PC-Ted-Stupor

Evenin’ all.

Policing London during these troubled political times can be a pretty tough and dangerous business for the hardworking bobby on the street and I’m no exception.

Last Thursday evening, for example, I was sent with a number of my colleagues to Downing Street, the home of the Prime Minister, where an angry mob of protestors had gathered to protest at a proposed new law, banning Muslims from America.

As soon as we arrived it was pretty apparent that things could turn very ugly. There were people the length of Whitehall holding banners carrying pictures of Mr Trump with some pretty unpleasant slogans painted on them.
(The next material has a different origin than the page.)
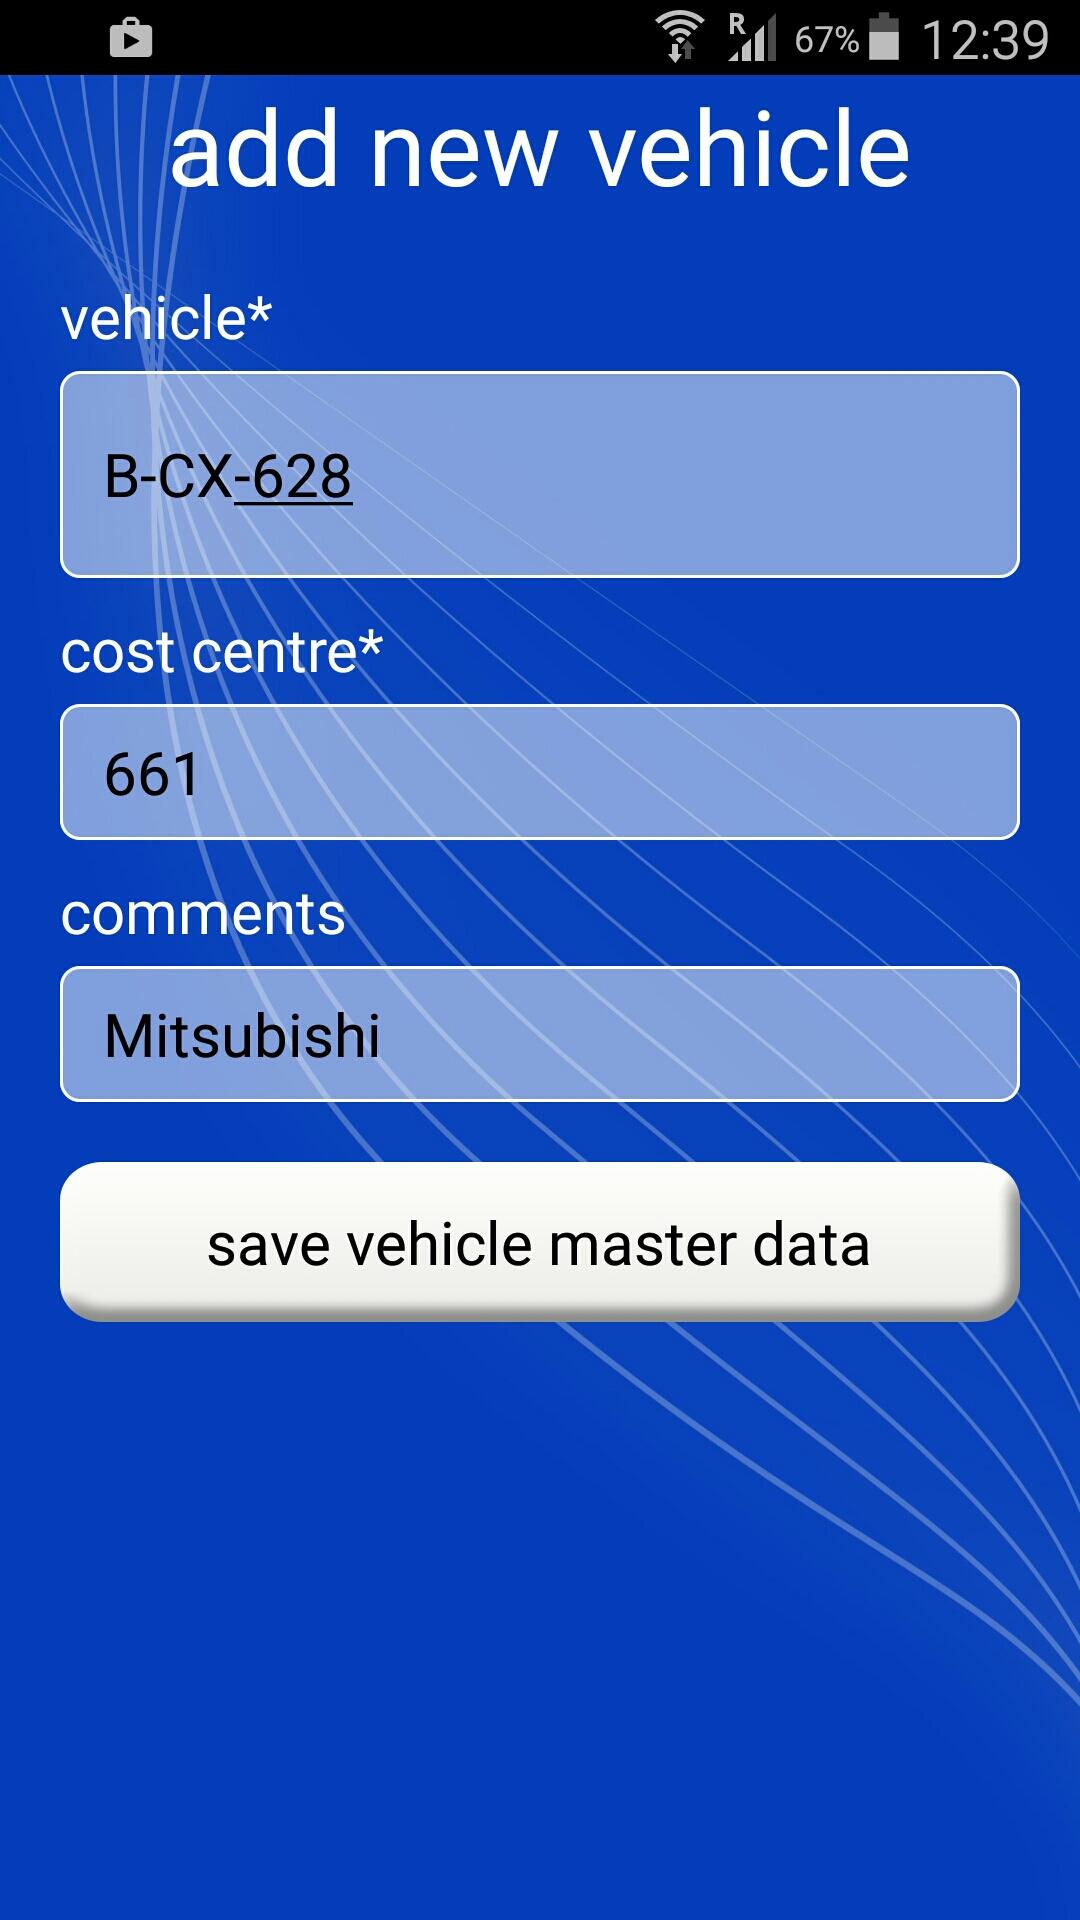 ginstr_app_busTransportationReport_EN_7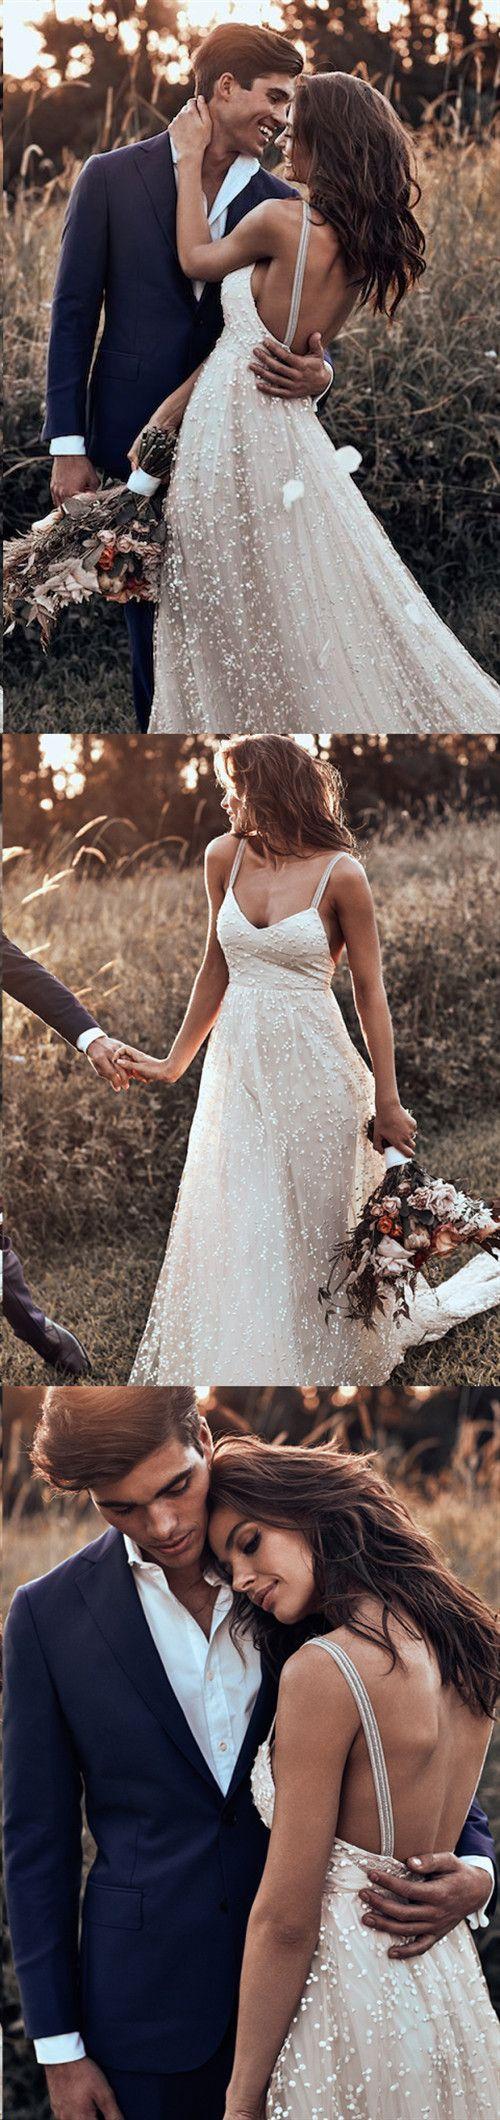 Sparkly Wedding Dress Sexy rückenfreie Spaghetti-Träger Rustikale Brautkleider JKL238 – Brautkleider

There was no unrest at this point, just the odd anti-Trump chant from time to time, but my copper’s instincts told me that serious disorder wasn’t far away and that innocent members of the public could be at risk of injury or even worse.

Realising that I had to act fast, I slipped into The Wig and Pen public house and drank at the bar until I wet myself.

After a few more pints, I was sick in the toilets and finally passed out in one of the traps.

I spent the night on the floor in there until I was eventually thrown out by the landlady at around 9.00am the next morning when she came in to do the cleaning.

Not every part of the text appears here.